Molti gli esempi di “buone pratiche”. Dalle iniziative di TorinoRetelibri (19 scuole e 38 biblioteche), con mercatino di libri,  concorso fra studenti per la produzione di trailer, video, grafica, corsi di vario genere, letture ad alta voce, a quelle della  Biblioteca civica di Venaria, aperte al territorio e ad una rete di scuole (una per tutte: il  “Gioco dell’Oca”, per le classi quinte della primaria, con titoli di libri,  nelle caselle) fino al “Book stock” e al Salone off 365, del Salone del Libro di Torino. C’è poi l’attività delle biblioteche civiche torinesi, diretta principalmente ad accrescere le competenze dei cittadini e ad evitare l’esclusione di tanti dall’informazione e dalla conoscenza, nonché ad aiutare la creatività, per una crescita corale della reazione al cambiamento (obiettivi UNESCO).
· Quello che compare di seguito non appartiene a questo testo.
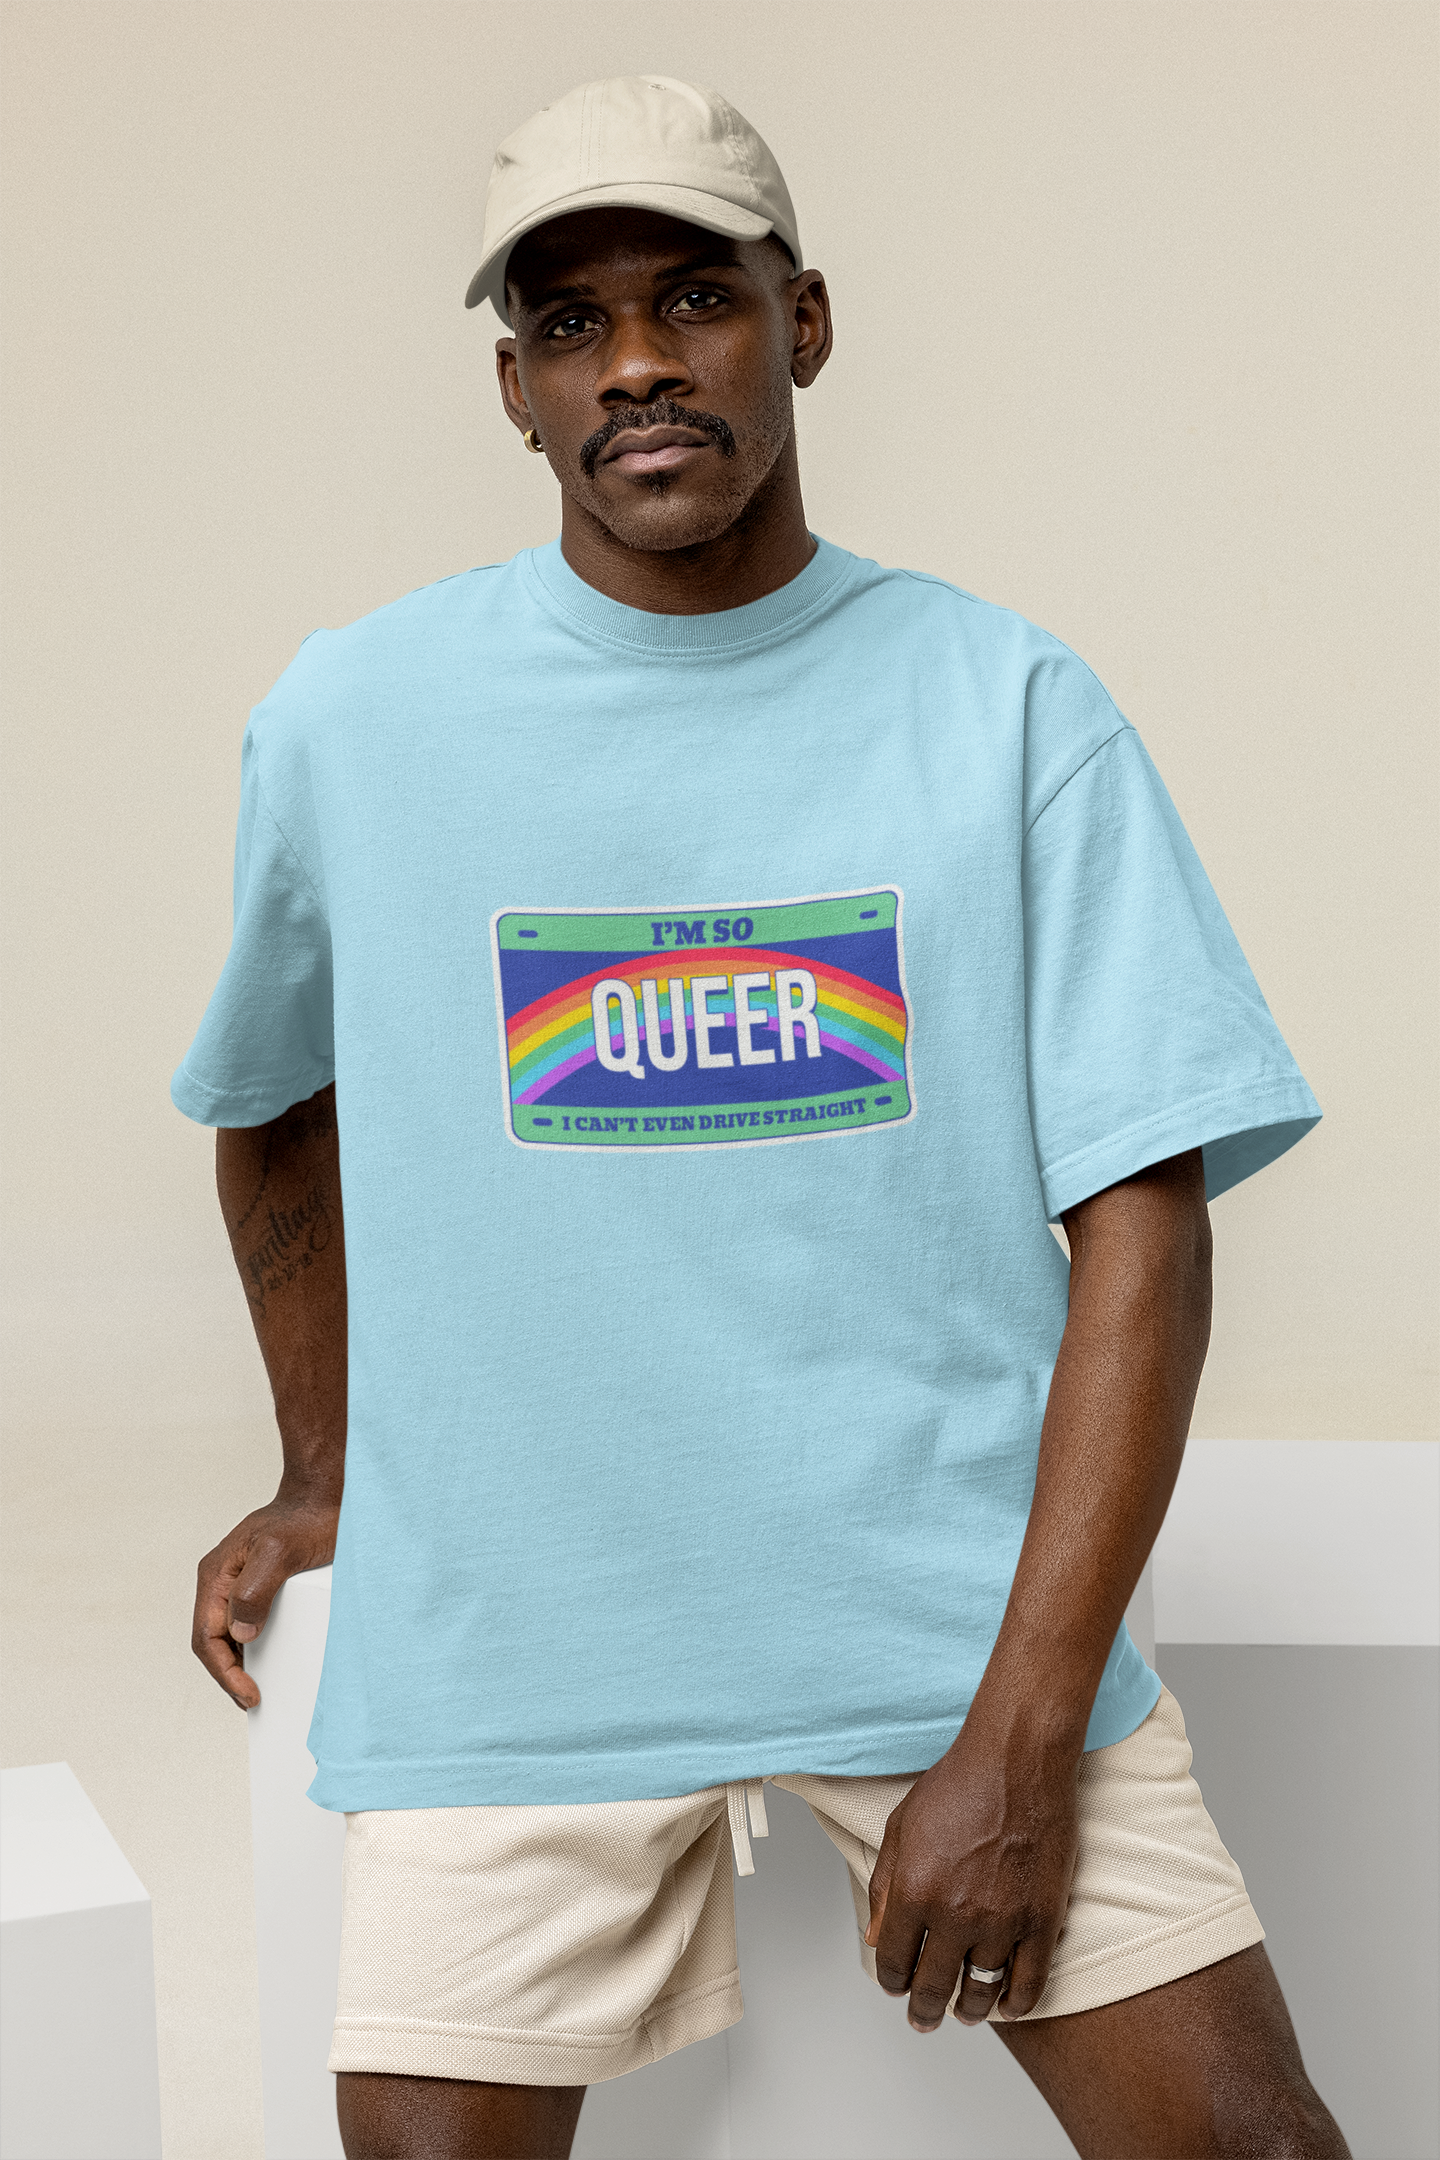 OVERSIZED TSHIRTS BABY BLUE: QUEER

Di grande interesse, due esperienze lontane tra loro: la bibliomediateca di Bella (PZ), attualmente in difficoltà per risorse finanziarie e umane, che ha fatto per anni da polo culturale per le scuole e il territorio, e il centro di letteratura infantile e giovanile di Bolzano, Jukibuz (Iung Kinder Book Center), con seminari e letture ad alta voce per bambini, adolescenti e adulti, spot televisivi di libri preparati dai ragazzi, laboratori di lettura  per le classi su un tema, fino alle uscite dal centro culturale per “leggere” “la” e “nella”  natura. Perché la lettura dovrebbe seguirci ovunque. … come lo spazzolino da denti!

Insomma, meno risorse, più idee!

Come diceva Lionello Sozzi, la Biblioteca è più di altri “luogo dell’anima”, perché racchiude sogni, progetti e valori interiori.